# Jensen Tv Size Upgrade In A 260Fl



## mjwencl (Feb 25, 2004)

I have a 2011 Outback 260FL and it comes with a 19" LCD Jensen TV. It looks like you could replace it with the 26" Model using the same hardware that is already in place. Has anyone done this?

I could purchase the TV Stand for the 19" model and use it in the bedroom in the back area.

Any help or info would be greatly appreciated.

Michael


----------



## cdnbayside (Jul 16, 2009)

The 19" Jensen in our 300BH stopped working while we were on vacation this summer. It would only display a white screen. It was mounted in the swivel cabinet between the living and bedroom. We went to Best Buy and bought a 24" Dynex LCD TV which fits in the same spot. The bracket mounted to the Dynex the same way as to the Jensen with 4 screws. The 24" TV being 5" bigger than the 19" is much better to watch.

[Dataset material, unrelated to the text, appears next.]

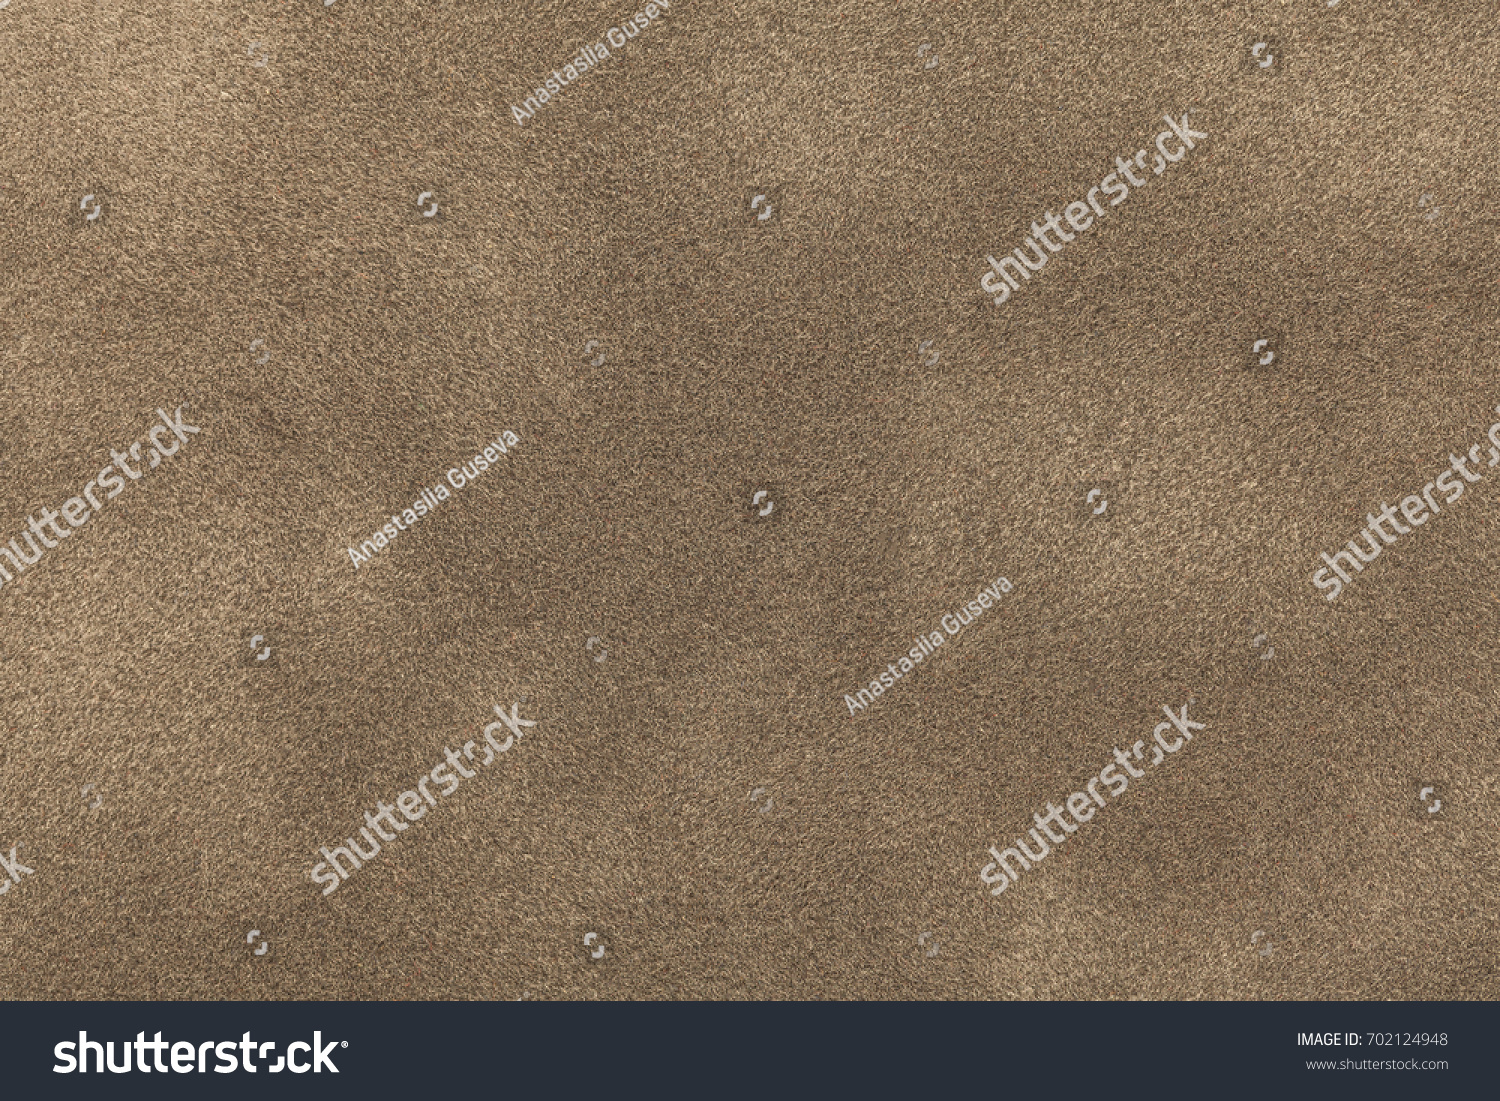 Background of light bronze suede fabric closeup. Velvet matt texture of sand nubuck textile. #702124948

When we got home I called Jensen direct about the non working TV. They sent a warranty no charge replacement 19" Jensen TV via UPS with a return label to send them the defective TV. With the replacement Jensen TV, I ordered the optional stand for $15 and now that TV is used in the back bedroom for the kids.

With your 260FL the TV is mounted to the wall with the same swivel bracket that the revolving TVs use. If you measure your wall space I'm sure a 26" or maybe even a 32" TV would fit in that space.

http://www.jensenrvdirect.com/


----------